Reagan was going berserk with the military budget. Things
looked pretty hopeless. So my wife and I began preparing to
move to New Zealand. By 1982 we had our passports and
traveling papers. That year, though, the national nuclear
freeze campaign had their conference in Denver. We attended,
and by the time the conference was over we'd decided to stay
and fight."
He attended meetings. He gave speeches. He marched on
nuclear test sites in Nevada. ("I've been in jail with Carl
Sagan and Daniel Ellsberg," he says. "Daniel Ellsberg
twice.") He taught a course out of the Boulder Teacher's
Catalogue called "Get Smart on the Arms Race." ("The class
is not anti-U.S.; it is anti-war," a course summary in the
1986 catalogue explains.)
In the snatches of free time between nuke battles,
Zimmermann continued feeding a lifelong fascination with
secret codes. "I've always been interested in cryptology,
ever since I was a kid," he says. "I read Codes and Secret
Writings by Herbert Zimm, which showed you how to make
invisible ink out of lemon juice. It was pretty cool.
"When I got to college I discovered that you could use
computers to encode things. I started writing codes, and I
thought they were so cool and impossible to break. I now
know that they were trivial and extremely easy to break."
For Zimmermann, who is 39 years old, writing and
breaking codes had always been just a hobby, albeit an
increasingly intensive one.
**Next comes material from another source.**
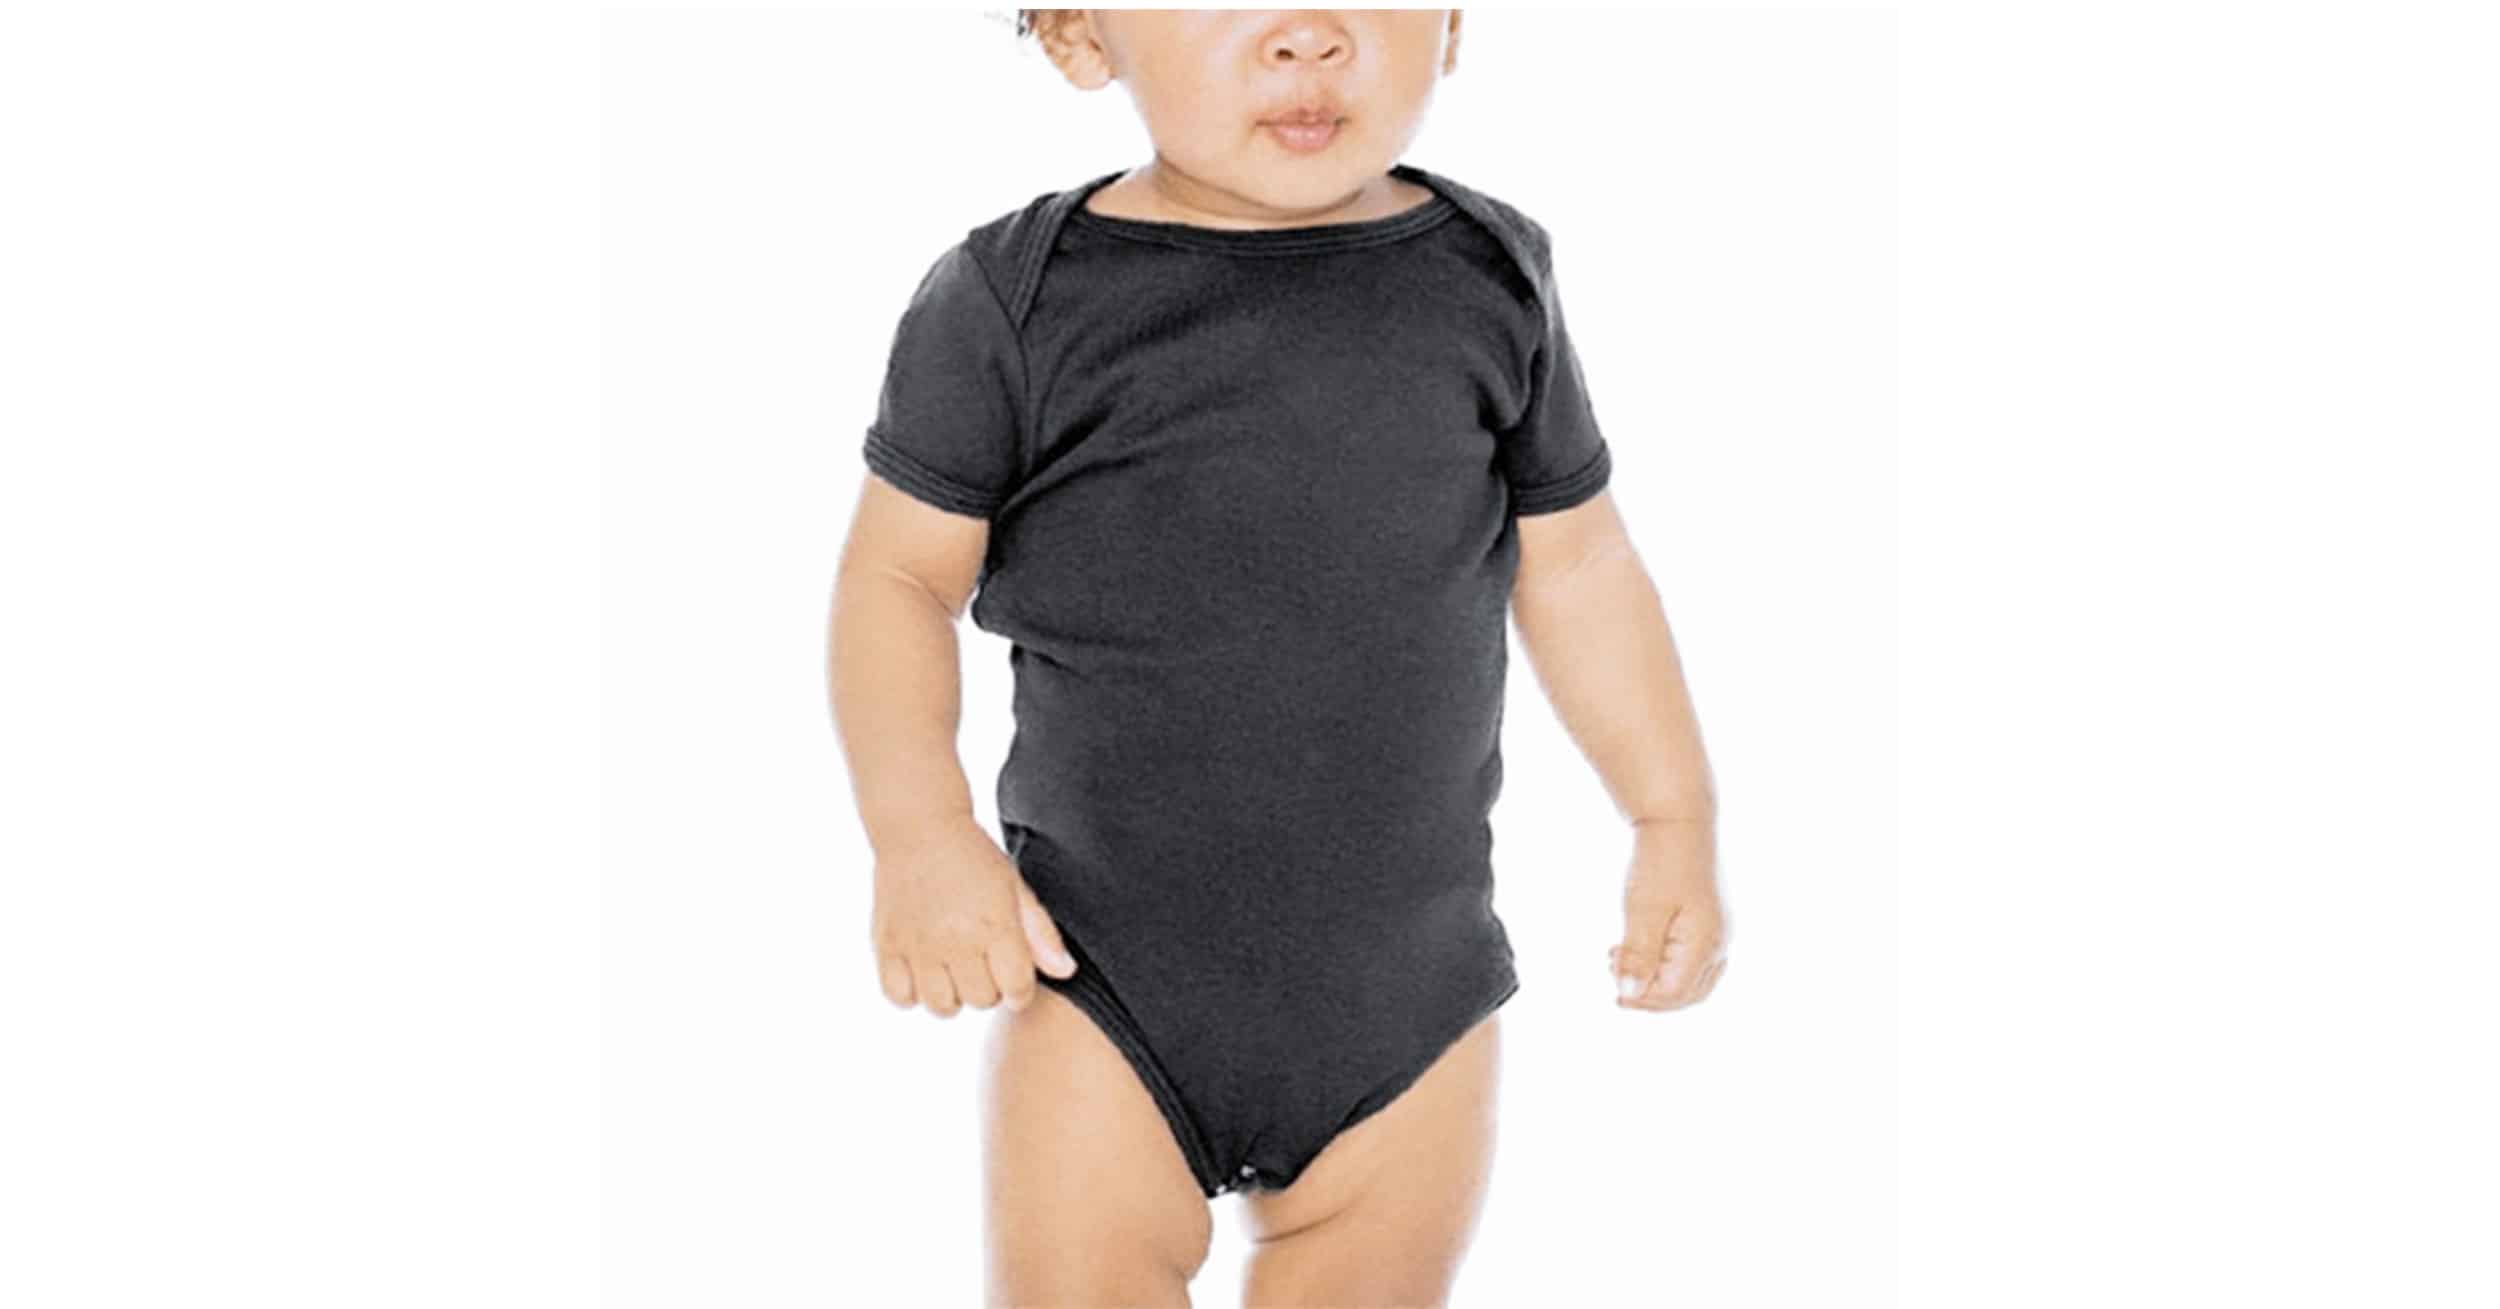 Print-on-Demand Baby Clothes

Up until 1976, that is, when his
hobby became an obsession that would absorb the next fifteen
years of his life. That's because, like everyone else who
had been dabbling in encryption at the time, Phil Zimmermann
was swept away by the revolutionary concept of public-key
cryptography and the RSA algorithms.
-*-*-*-*-*-
Secret codes have been used for thousands of years, but
they have always operated on the same principle: The words
or letters of the message to be encoded- called the
"plaintext"- are replaced by other words, letters, numbers,
and symbols. These are then shuffled, rendering the
communication incomprehensible.
As spies and other secretive sorts began to use
computers, the basic idea remained the same. But the
substitution and shuffling became increasingly complex.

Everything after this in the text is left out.